Despite the many advances in English language teaching, spawned primarily by the Chomskyan theory of generative grammar, (prescriptive) grammar rules remain largely unchanged in Taiwanese schools. These rules, which are considered the gospel truth by teachers and learners alike, contain flaws that would make the people who pay allegiance to this system shudder if it [the system] was placed under a semantic microscope.
Many English-language teachers have readily available answers to the many troublesome questions regarding English grammar. This confidence about the credibility of the prescribed rules stems from the fact that these rules were engraved in stone by the language scholars of the late 19th century. The grammar textbook is akin to a holy book and therefore cannot and should not be challenged.
Prescribed grammar rules do have some merit, but they can be misleading and confusing, not because they are complex or complicated, but because they are structure-derived rather than semantic-generated. In fact, when we teach language, devising rules often puts us in a quagmire rather than on a straight path to language acquisition.
This allegiance to the grammar textbook and the flaws it harbors is further exacerbated by the fact that these rules are taught in the mother language, which detaches language from what is supposed to be.
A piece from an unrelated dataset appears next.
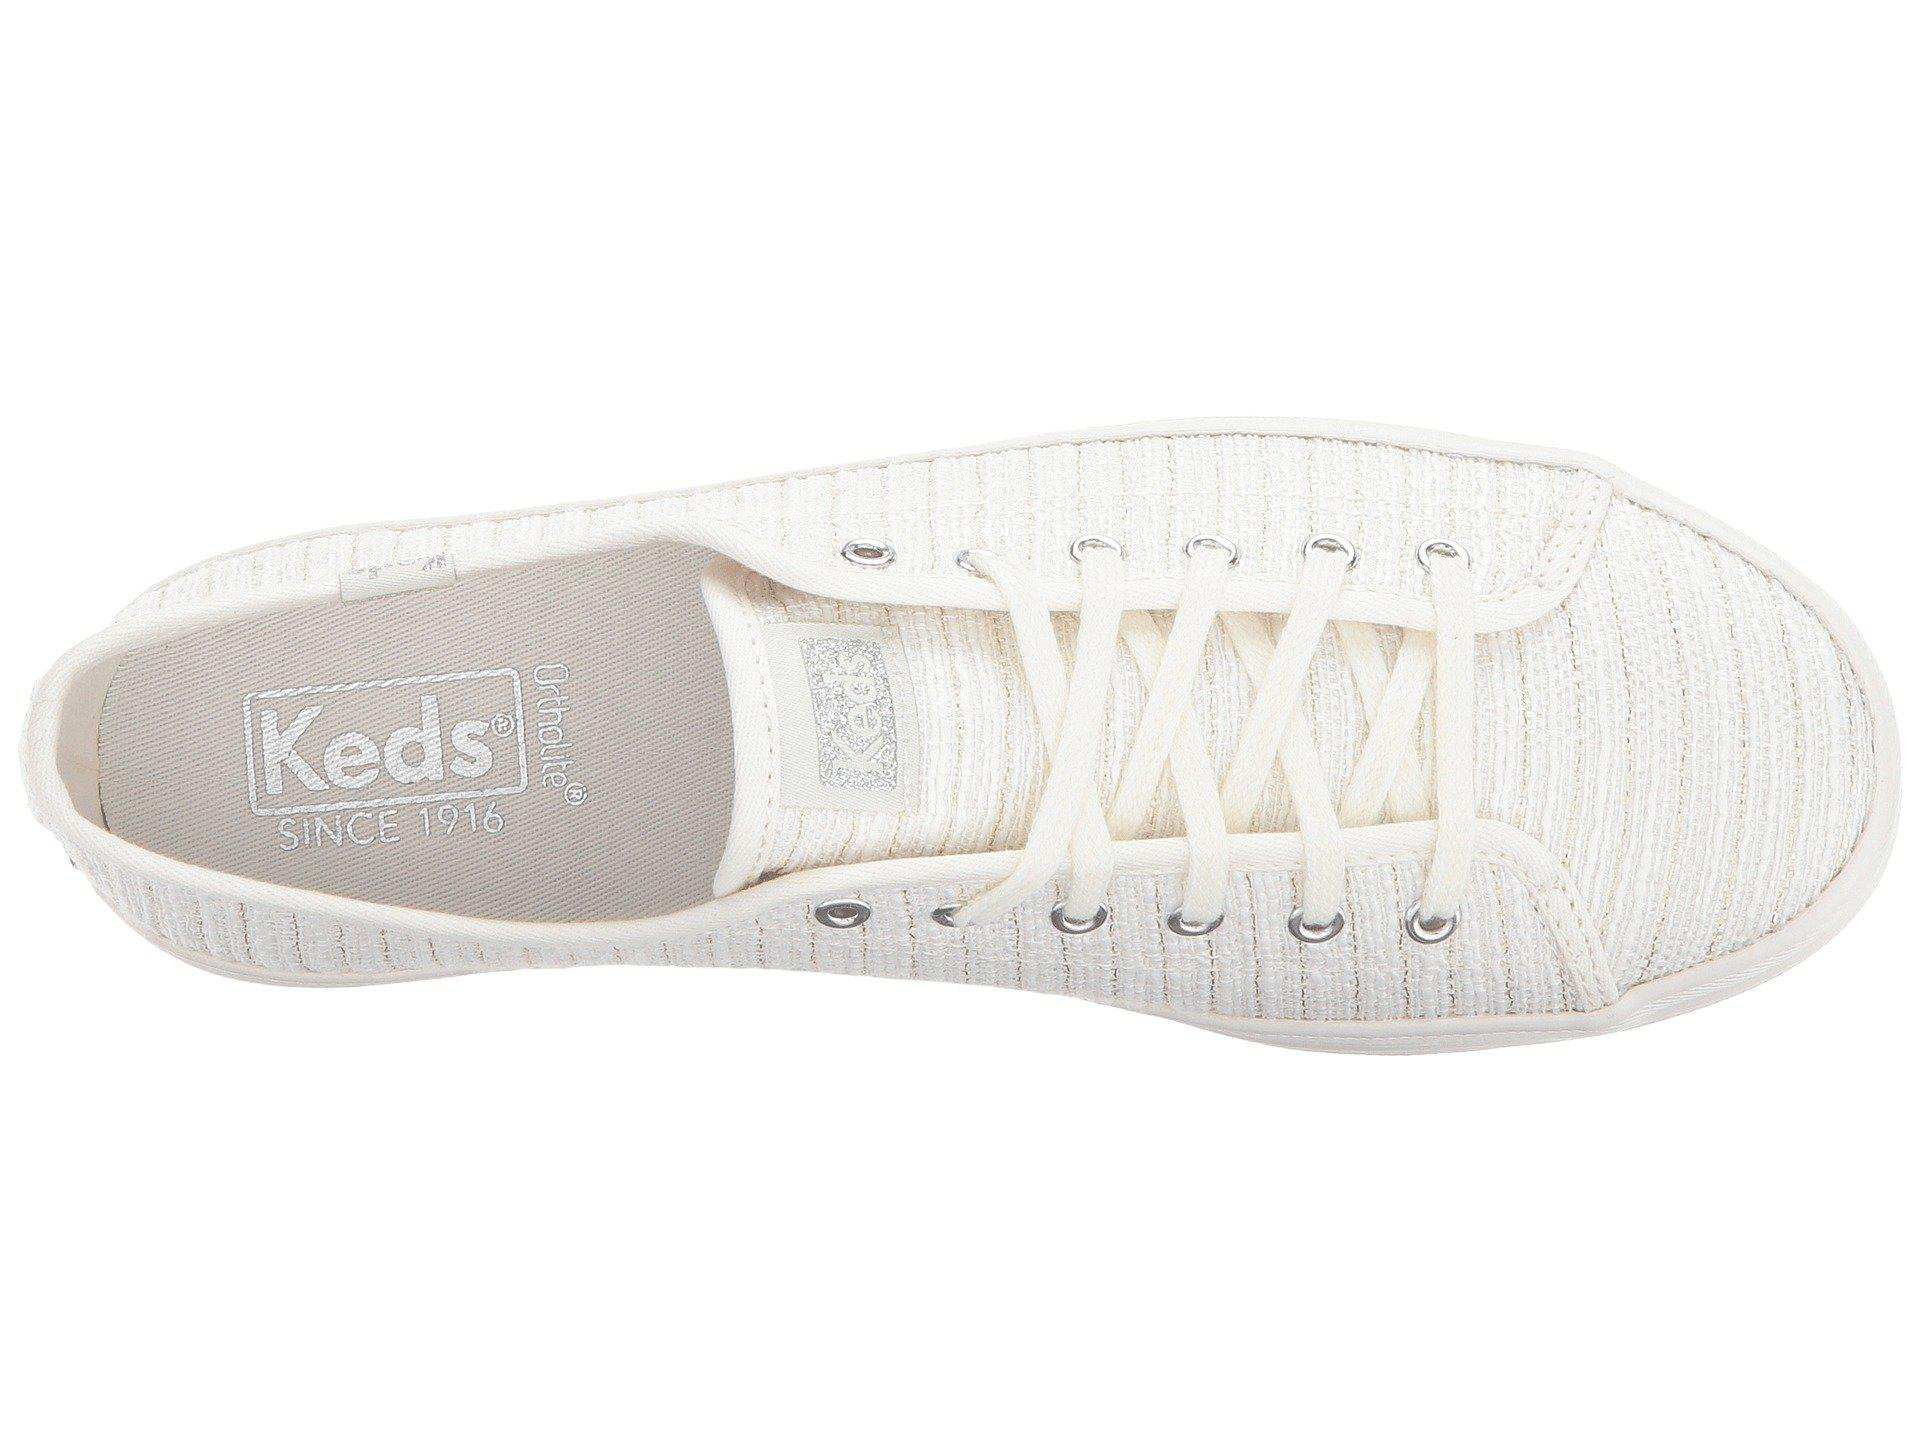 Keds Kickstart Lurex Stripe Sneaker FOuxGVjacy

Allowing formal schemata (linguistic knowledge) in general to dictate content schemata (semantic knowledge) can seriously hinder the learning of the target language and teaching grammar rules that are not generated by real-life situations is like providing a builder with so many bricks, but not enough cement and tools to put the bricks together. Of course, departing from a system that has been working and yielding” satisfactory” results for decades would be met by resistance.
Further, it would be inconceivable to try and reverse the tide of grammar textbooks that flood the market, but we should invest time to dissect them and rethink how we teach grammar to our students, whom we expect to understand and properly use the target language when they are faced with the real life situations.
The trend to turn language into a pure commodity is something nobody can stem, but if we rethink how grammar is taught, we can do that language and its learners a great favor by re-appraising the evaluation system, especially at the college level, where teachers have academic freedom. Helping students put archaic English grammar rules under a magnifying glass should be one of the tasks entrusted to us as educators.
Mo Reddad is a lecturer at I-Shou University’s department of applied English.